In April 2019, I had the amazing opportunity to visit Izmir, Turkey for five weeks to conduct a cross-linguistic study on children’s language, source-monitoring, and perspective-taking abilities all thanks to the LuCiD travel award.
My current project within LuCiD is about the relationship between children’s language skills and their ability to view situations from other people’s perspectives. As a team, we have always been curious about the cross-linguistic aspect of this relationship. Turkish is a structurally different language from English and it includes evidential markers that specify one’s source of information (see the examples below).
This grammatical structure does not exist in English obligatorily and we were interested in whether this difference might influence the way Turkish children understand other people’s intentions compared to their English-speaking peers. To examine this, I worked with 50 3- and 4-year-old Turkish-speaking children in their nurseries. I visited three nurseries in Izmir to complete the data collection. Our test battery aimed to measure children’s vocabulary knowledge, their ability to use evidential markers, their perspective-taking skills, source-monitoring abilities (i.e., the ability to follow the source of their knowledge) and their short-term memory.
Conducting a cross-linguistic study requires a lot of behind-the-scenes preparation. I needed support with the translation and back-translation of the tasks I was using, making connections with the nurseries, and secondary data transcribing and data coding. I cannot thank Ege University’s Psychology department enough for their welcoming attitude and support. Dr Duygu Kandemirci, who is a Counselling Psychologist at the university put me in contact with the nurseries as well as providing me with a work space on campus. Dr Cansu Pala, who is a Research Associate in Ege University’s Psychology department provided me with language tests in Turkish, helped me recruit undergraduate students as Research Assistants for data transcribing and reliability-coding, and shared her expert knowledge with the translation back-translation process. I was also invited to give a talk about our LuCiD project as part of her third year Cognitive Psychology module. The students were very interested in, and enthusiastic about, the topic, to the point they did not leave the classroom after the lecture ended and asked lots of interesting questions. We even had a big selfie with the entire classroom after the lecture to capture their excitement to learn about LuCiD, however due to a fault on the phone we used, the photo unfortunately disappeared. You can imagine a group of bright students with big smiles on their faces!

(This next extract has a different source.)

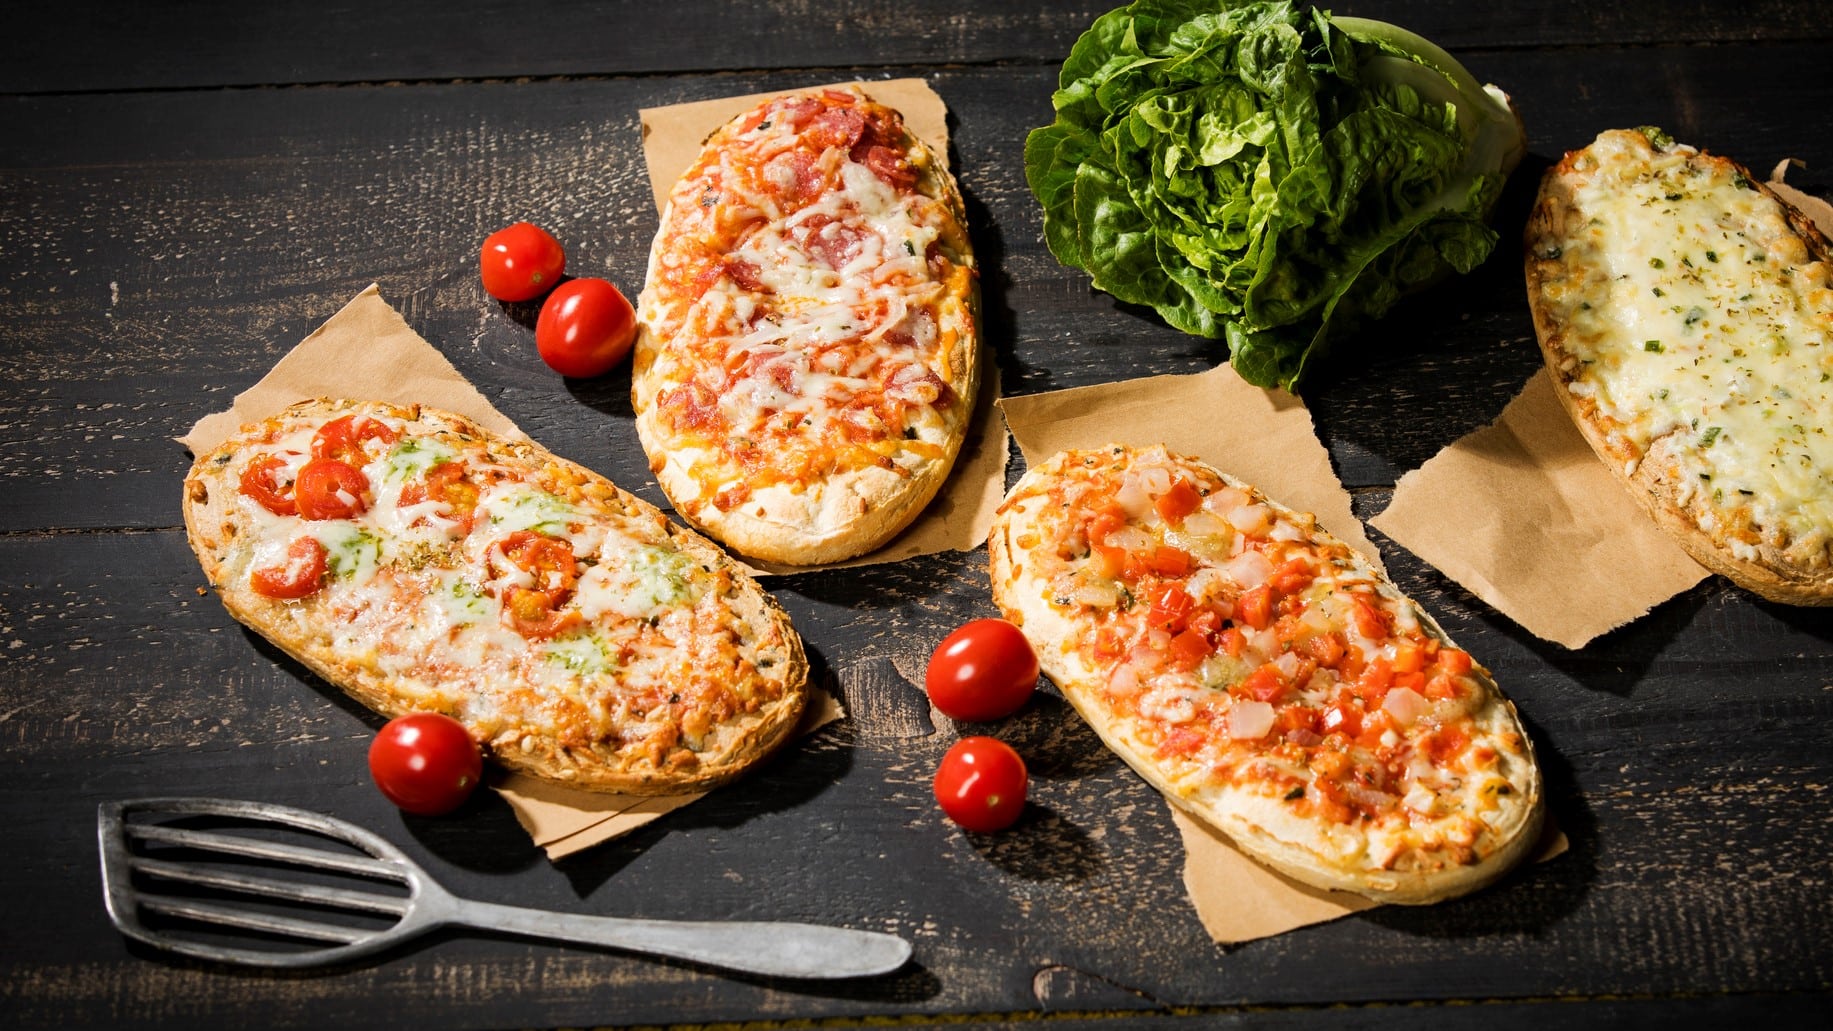 Drei vegane Pizzabrötchen auf Backpapier, daneben liegen kleine Tomaten und ein Pfannenwender.
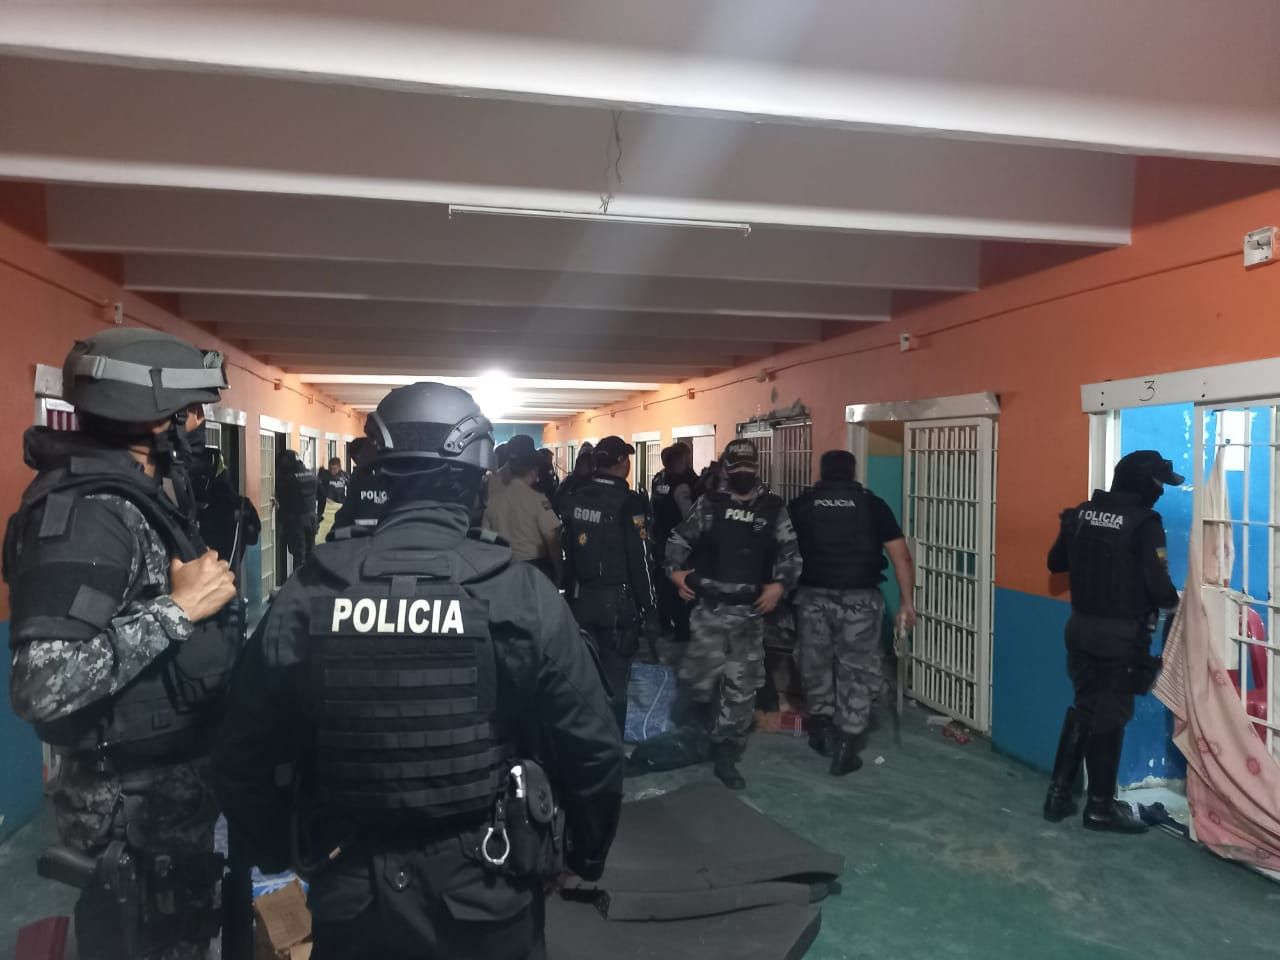 Policías armados en una prisión de Guayaquil (Ecuador)

I also had the chance to have a meeting with the amazing Head of Department, Prof. Sonia Amado who told me about the exciting research projects happening at the department. One more person I would like to thank is Dr Hale Ögel-Balaban, whose research inspired us to create our cross-linguistic study. I was hoping to visit her at Bahçeşehir University in İstanbul during my time in Turkey, however testing took longer than planned and I could not fit the Istanbul journey in. But our Skype meeting was just as informative and inspiring.
I would like to thank LuCiD for giving me the opportunity to visit Izmir to start this hugely exciting cross-linguistic study. Currently we are in the process of collecting data from the English-speaking children. I am looking forward to finalising this study and finding out the results! Teşekkürler LuCiD for making cross-linguistic research possible!